I'm not sure I understand the shape itself. Can you give a "real world" example of this shape? Picture would be really helpful too!
In calculating the volume of a partially-filled horizontal cylindrical tank which has ends similar to spherical caps, how do you calculate the volume of a partially-filled spherical cap (from the side of a sphere?)??
The cylinder I have solved, and the volume of a full spherical cap has been easy to find but the partial volume of the cap ends is tough.
This has been so hard for me to find information on, so I hope someone here has an idea!
The dimensions of this particular problem are: Cylinder Length = 8.16m, Diameter = 3.7m, Cap "height" (although horizontal) = 0.53m. I hope this is enough detail...

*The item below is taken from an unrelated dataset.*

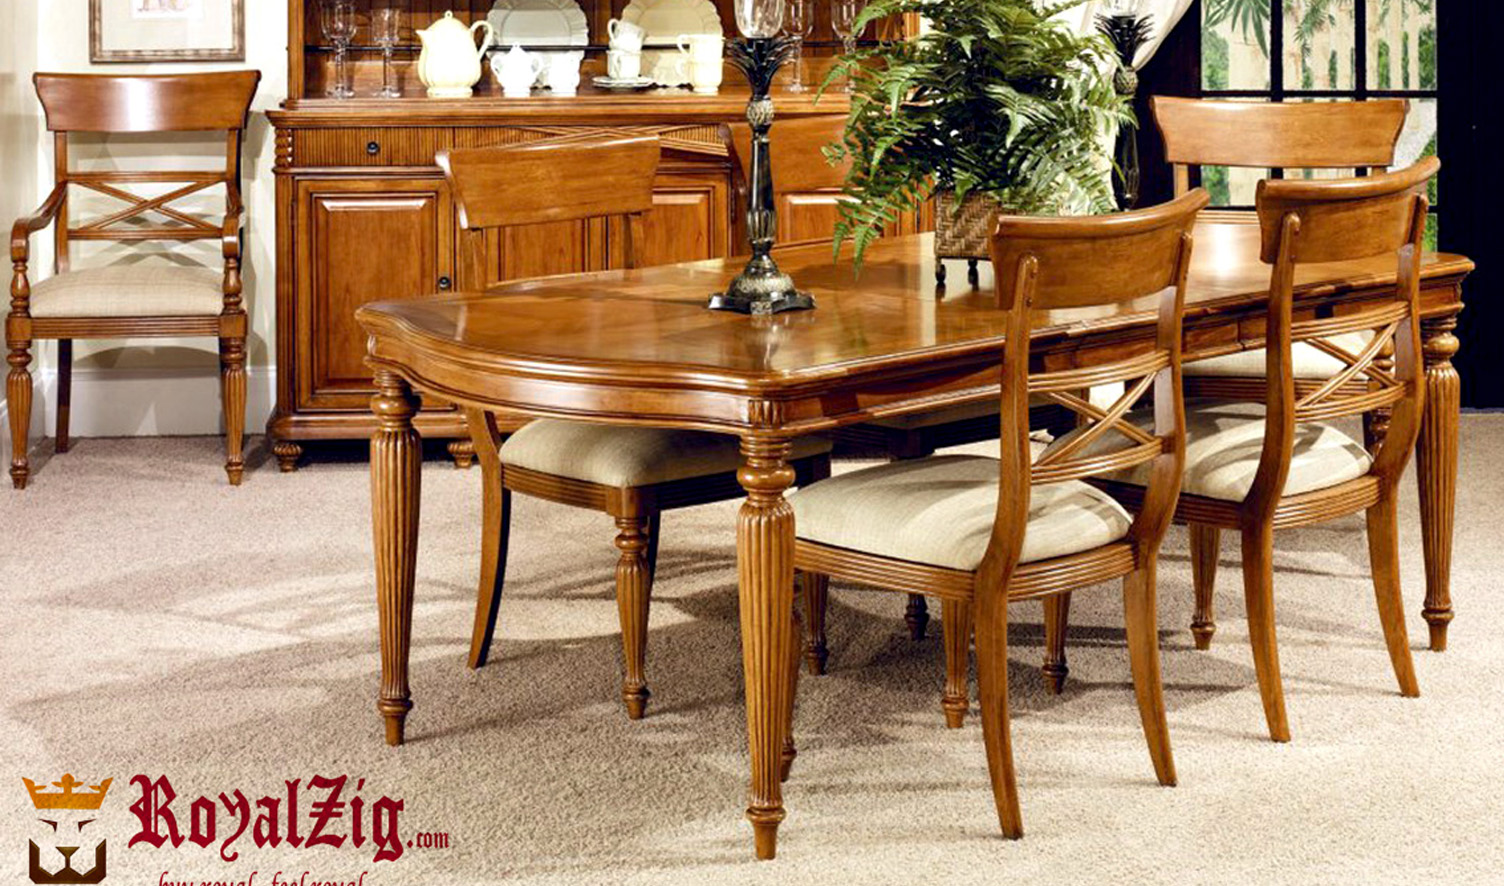 French Dining Table Teak Wood Royalzig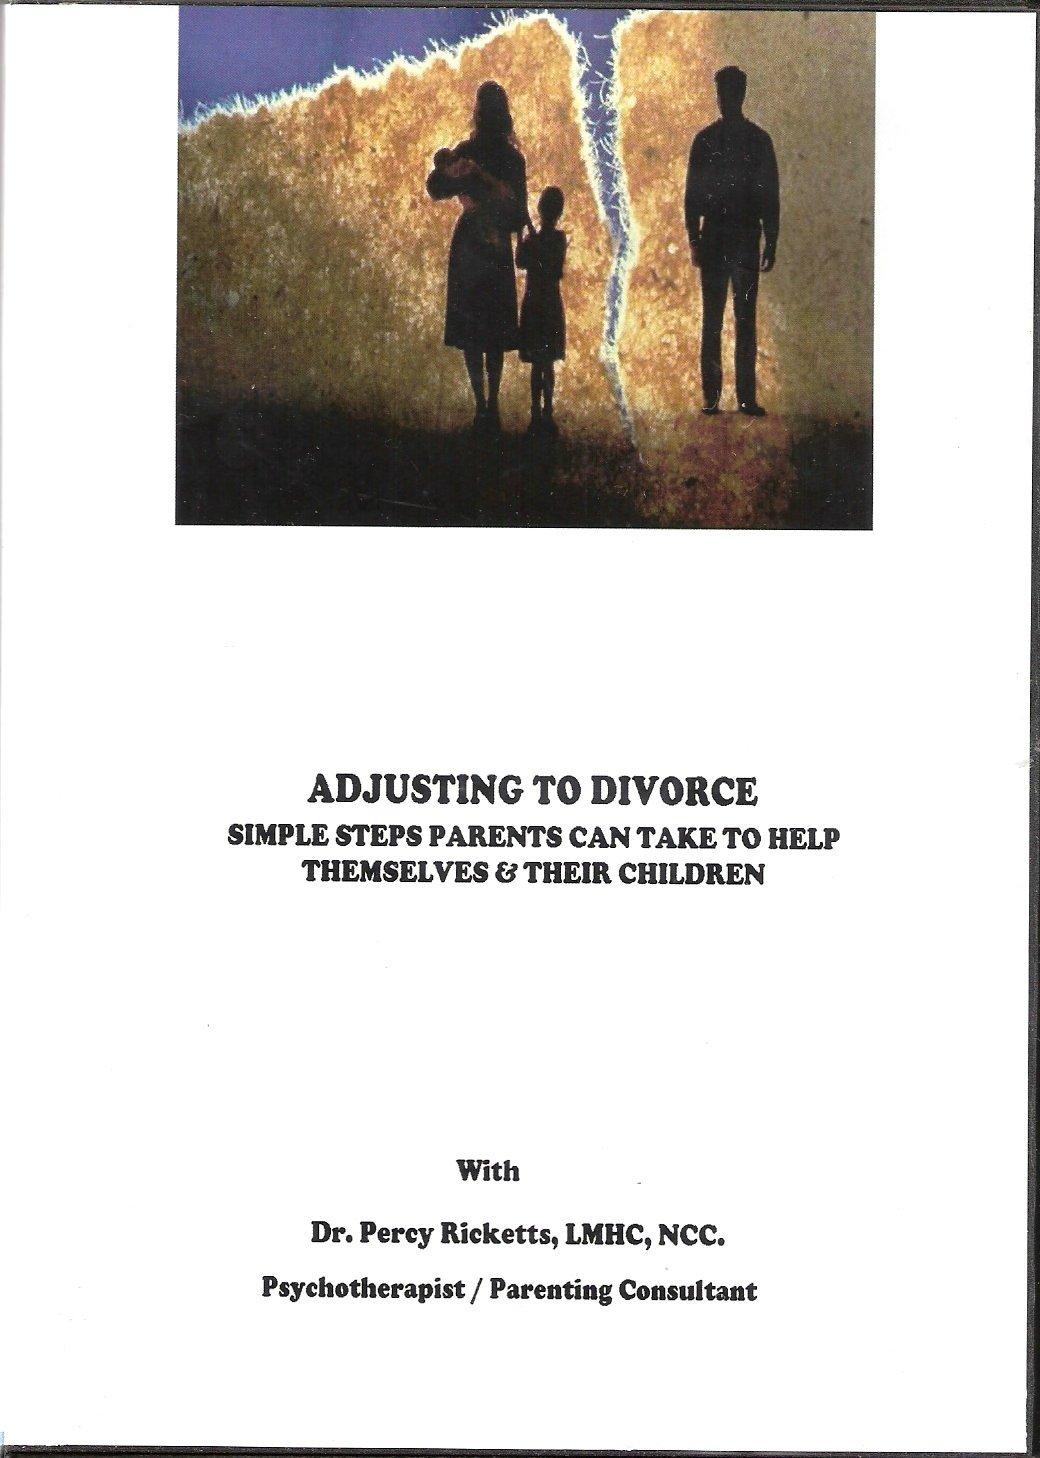 Adjusting To Divorce DVD

I guess the end caps put together could be called a squashed sphere or a "spheroid ovoid" .. There are many english sweets this shape but I don't know the names of any american candy for comparison. Anyway, it's circular in 1 axis, ovoid in 2 axes. Split in half down the circular face and stuck on the end of a horizontal cylinder.
That link looks like just the job, I've just got to pick it to pieces so I know that I can trust it now!
Wow... unfortunately I really have no idea how to help you...
Just an idea about how to think of it... think of it as two separate shapes. One is the cylinder. The other is the merged end caps (which would have a shape similar to an American football). I don't know if that makes it any easier or not. Sorry I couldn't be more help!